OpenAI has announced plans to release its o3-mini model, which is a successor to the o1 model released last September. The company’s CEO, Sam Altman, had previously stated that the new model would be more powerful than the previous one but did not claim it achieved artificial general intelligence (AGI).
However, a recent post by Altman on X contradicts his earlier statement. He wrote that Twitter hype is out of control and that OpenAI is not deploying AGI next month or building it.

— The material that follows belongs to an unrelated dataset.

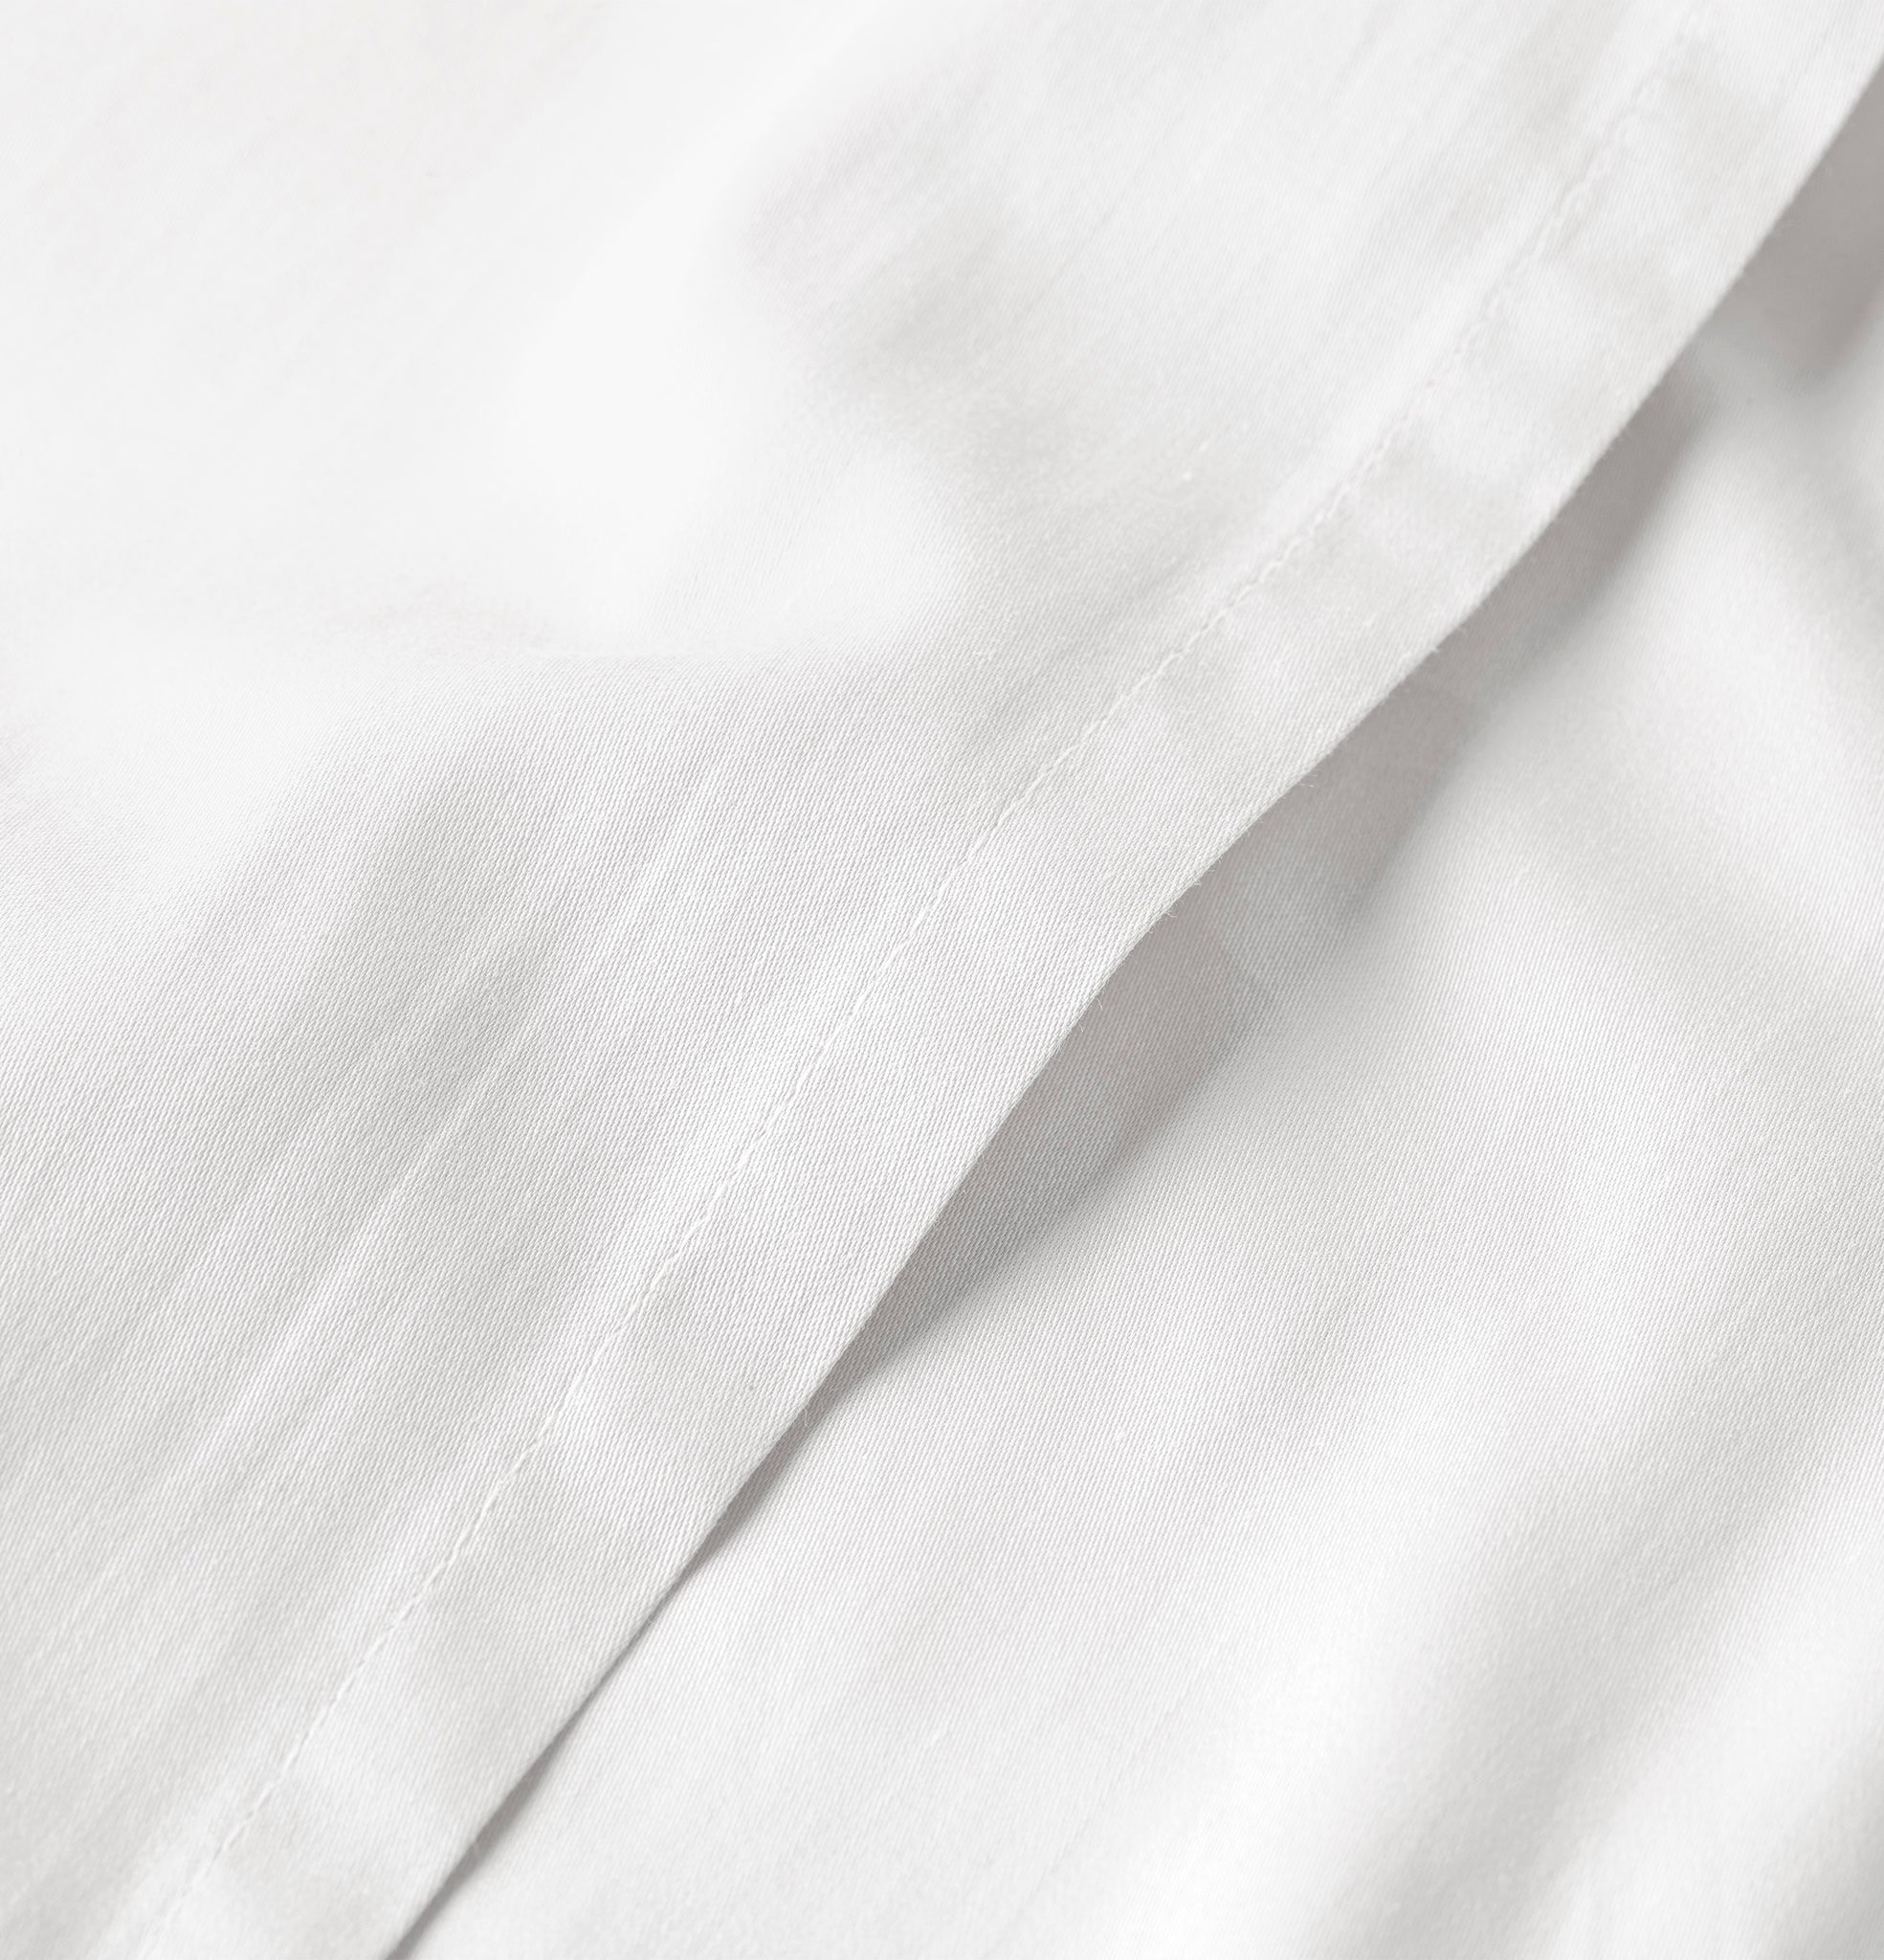 Midwinter white pillowcase detail

Instead, he claimed the company has “some very cool stuff” coming but urged people to cut their expectations.
Despite this, OpenAI introduced its o3 model in December as part of its “12 Days of OpenAI” campaign, and a Reuters report stated that the new models are capable of reasoning through complex tasks and solving challenging problems. The o3-mini model is also being safety tested, and Altman said it has passed the ARC-AGI challenge, which is considered a benchmark for AGI.

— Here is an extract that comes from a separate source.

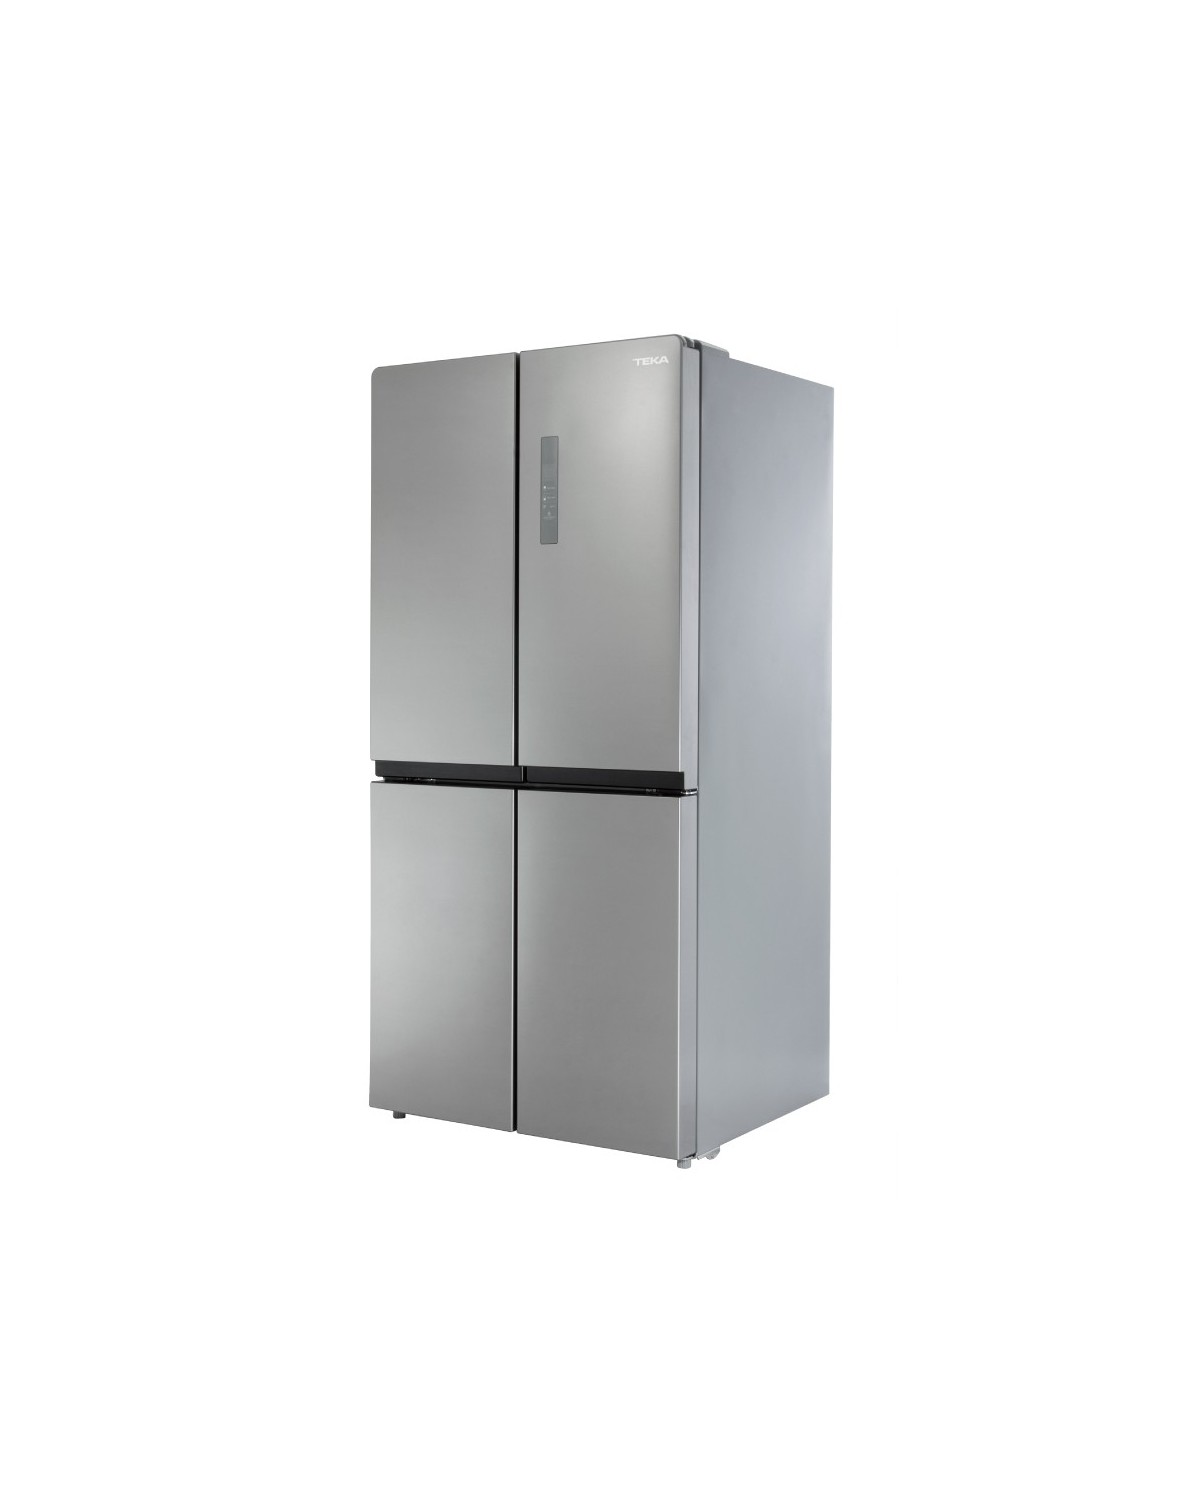 Refrigerador Teka Four Door TOTAL RMF 74810 SS REF.  113430015

However, not everyone agrees that OpenAI’s o3 model has achieved AGI. François Chollet, an independent software engineer and AI researcher, stated that passing ARC-AGI does not equate to achieving AGI and that the model still fails on some easy tasks. He also warned that the upcoming ARC-AGI-2 benchmark may pose a challenge to the o3 model.
Brian Jackson, principal research director at Info-Tech Research Group, took a more pragmatic view. He said that while the community expects AGI to be achieved this year or next, it’s not clear what AGI means. Instead of focusing on whether one company or specific model has achieved it, CIOs should focus on AI implementation and execution guided by a responsible AI governance framework.
Jackson emphasized that CIOs are more concerned with automating complex knowledge-based tasks, setting up infrastructure environments they can trust, managing costs, and monitoring performance to ensure they meet service-level agreements.